This Bill will give the Government powers to set up and fund healthcare deals with other countries after it leaves the EU.
The Bill seeks to safeguard healthcare for 190,000 expats and 50 million people who travel abroad every year, through agreements with the EU or member states.
It will also establish the legal basis to fund and implement reciprocal healthcare schemes and share necessary data after we leave the EU.
At the moment the UK has Reciprocal Healthcare agreements with other countries based on its EU membership.
Reciprocal Healthcare agreements support people from the UK to obtain healthcare when they live in, work in or visit other countries and vice versa, for people from other EU countries in the UK. The advantages of these arrangements are:
- reducing the cost of insurance,
- making travel more viable for older people and high-risk groups,
providing a boost to the travel economy.
For the 190,000 expat state pensioners who have chosen to live in the EU and those intending to retire to the EU, it will help by safeguarding reciprocal healthcare if there is no EU deal.
This Bill was introduced by Mat Hancock, the Secretary of State for Health and Social Care.
This Bill has come as a surprise to some people. Previously there had been discussions that the European Health Insurance Card (EHIC) would be retained after Brexit as it had so many advantages. This Bill, however, does not mention retention of the EHIC.

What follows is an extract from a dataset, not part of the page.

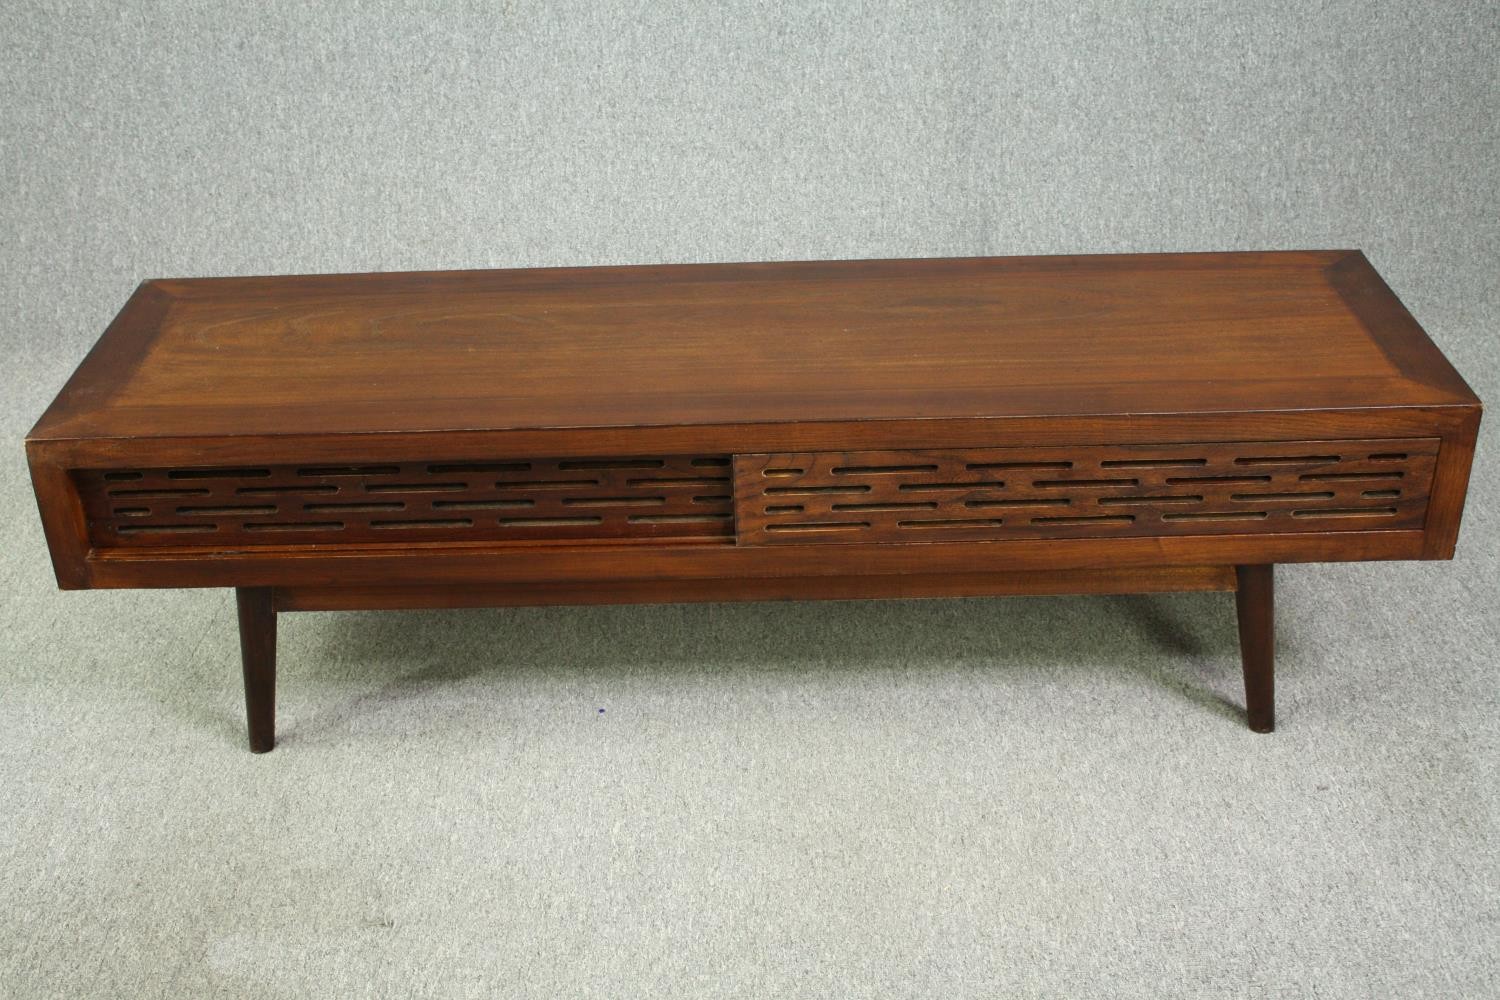 A large retro styled hardwood low side table or coffee table. H.45 W.160 D.45cm.

The pro-Remain Conservative, Guto Bubb MP said:
The European Health Insurance Card means Brits can travel to the EU without worrying about ending up out-of-pocket if they get ill or injured. With ministers apparently giving up on preserving it shows just how miserable this botched Brexit will be.
How to get involved
You can contact your MP
If I don’t act, will it go through?
This is a Government Bill, so is likely to go through.